Usually I fly home from client sites late in the day, but the whims of fate had me driving home instead, early (for me, anyway) this morning.  The end result was a pocket of uncommon free time this evening, before resuming long days and seemingly non-stop travel on the morrow.  Naturally, I wasted this free time poking around the internet.

My travels led me, via Twitter, to this blog post entitled, “F*** You, I Quit — Hiring Is Broken.”  Apparently, this led to some heated, sometimes-angsty debate on Hacker News, where the original piece earned a good number of points.  And, why wouldn’t it?  “Hiring is broken” would serve as a rallying cry for those who don’t play the interview game well, while seeming a shot across the bow of those who do and are now on the other side of it.

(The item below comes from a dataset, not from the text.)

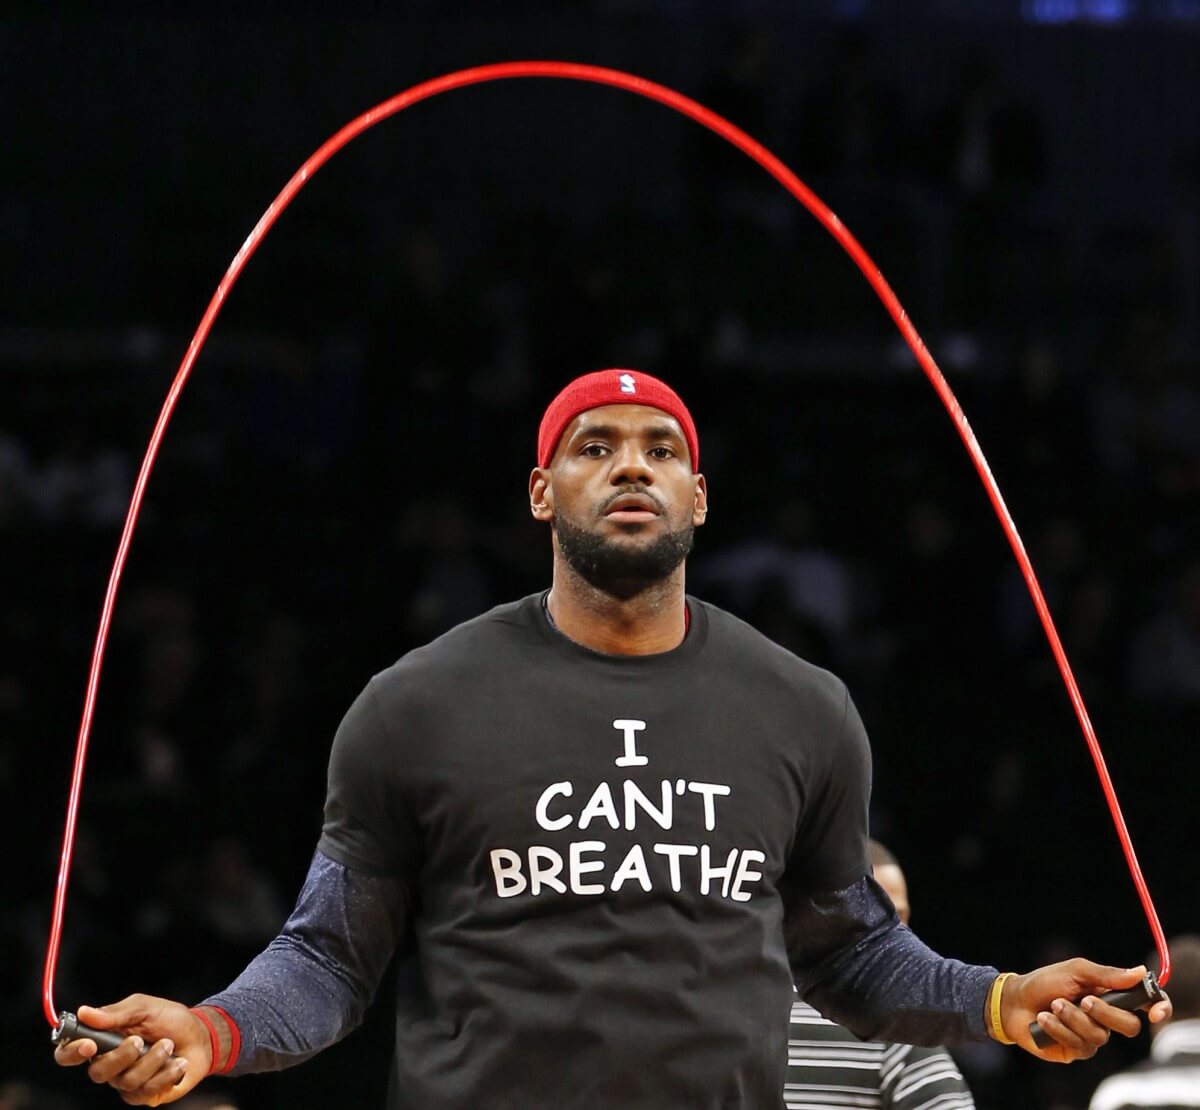 James wearing "I Can't Breathe" shirt Dec. 3. (AP)

Read the article, please.  You need to for context, because when I reference it further, it’ll just be a reductionist tl;dr.  I’ll come back to that.  First, I’d like to address one of the few points that almost everyone seems to agree on, before they get down to armchair dissection of Sahat’s character and market worth.

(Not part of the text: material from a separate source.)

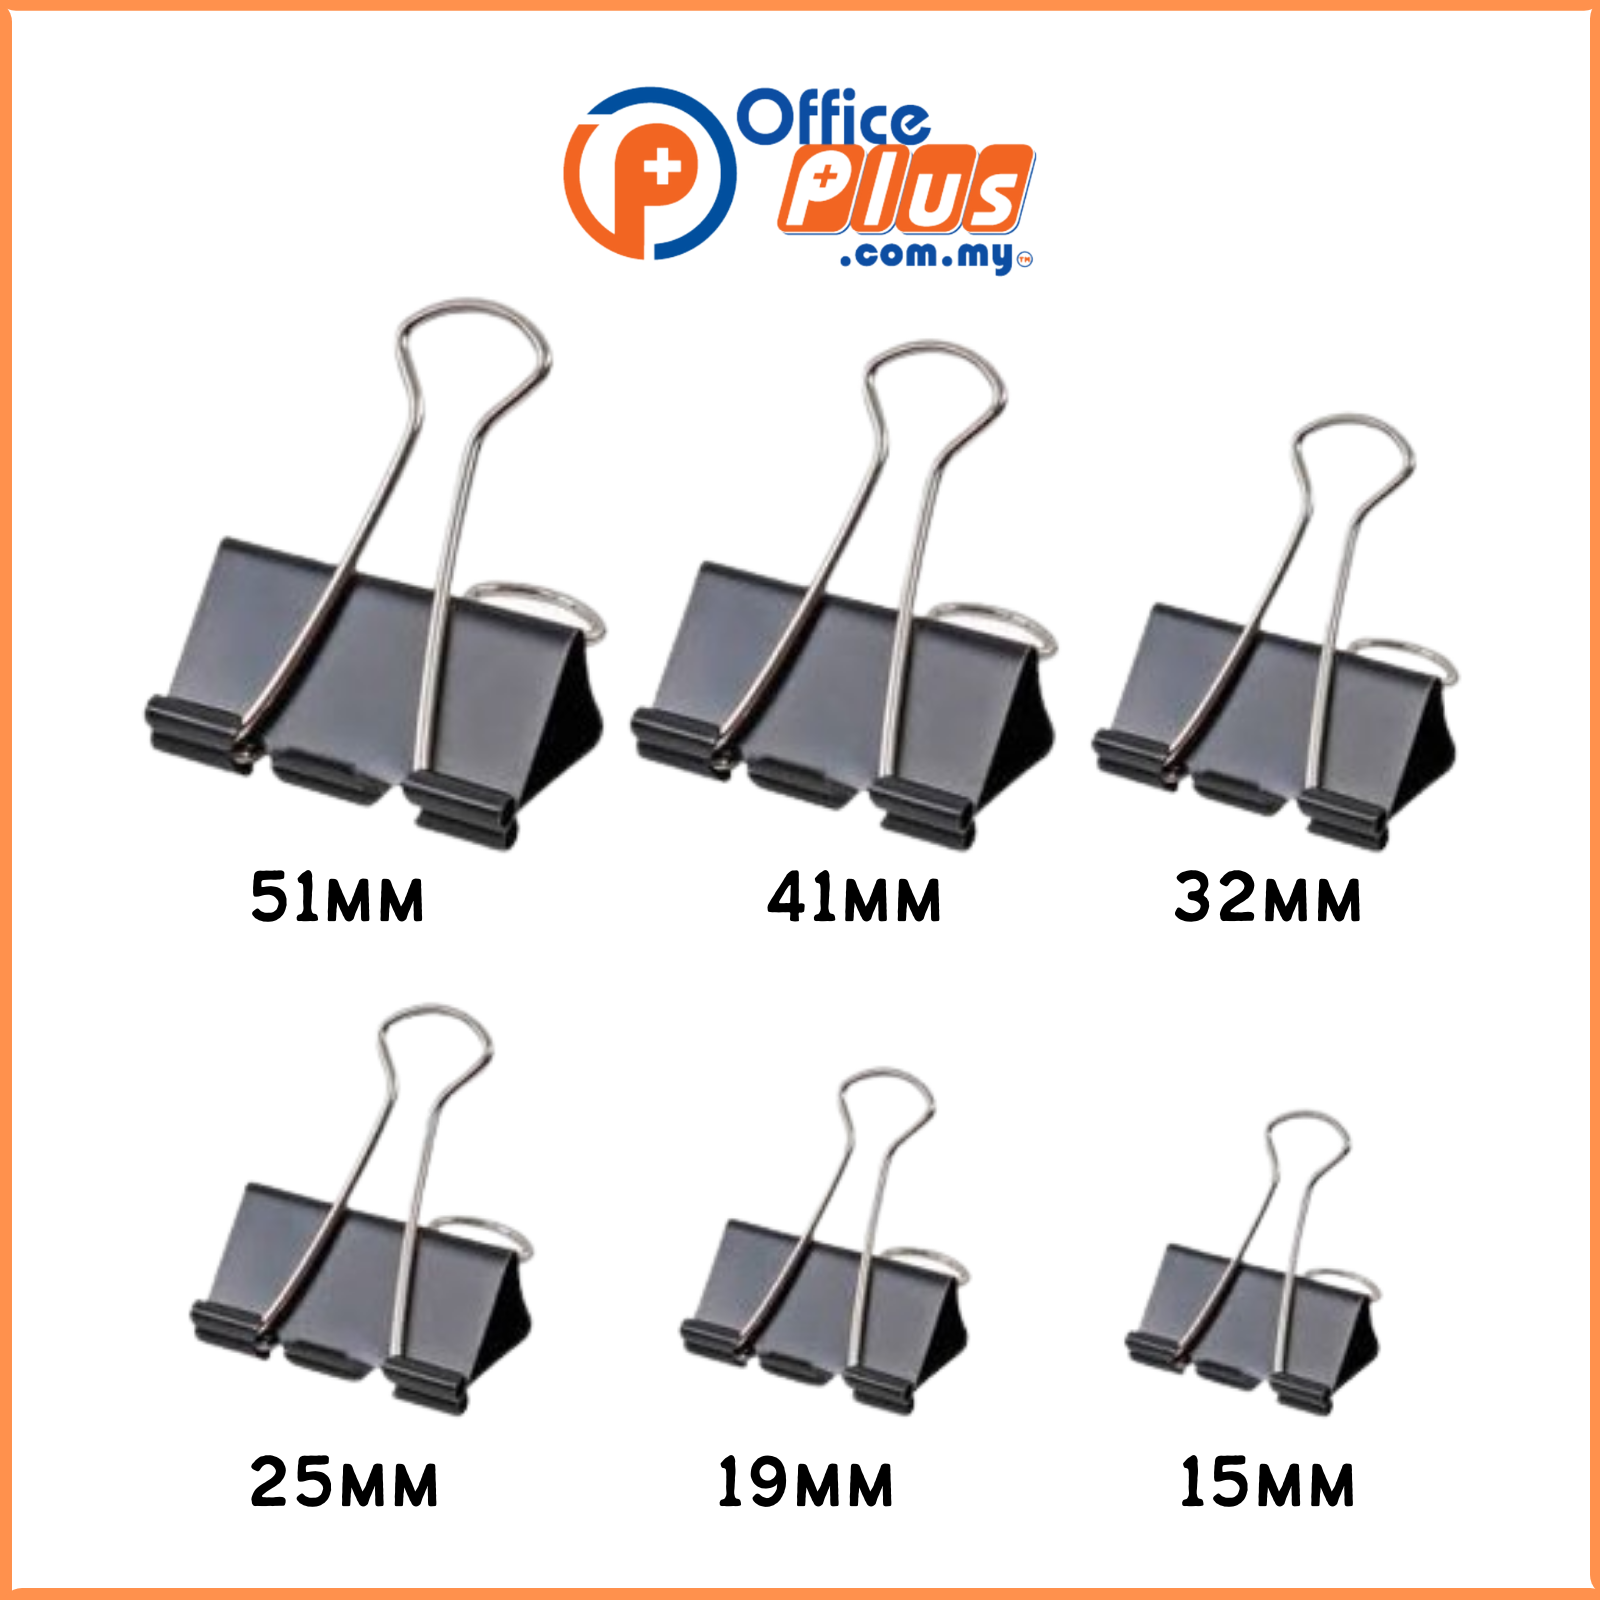 binder clips sizes

The hiring process is imperfect deeply flawed (if not broken), but no one knows how to fix it.

Except, that’s not actually true, because I know how to fix the interview/hiring process.  It’s actually pretty easy.  Just stop doing it.  If the value proposition you’re offering to prospective laborers is so weak that you have to solicit and subsequently torture strangers, you should prioritize fixing your organizational mess above making the mess larger (or, in the case of attrition, before doing the same thing again).

Trivia Interview demonstrate why hiring is broken

I’m honestly not kidding, but let me come back to the mindless growth point later.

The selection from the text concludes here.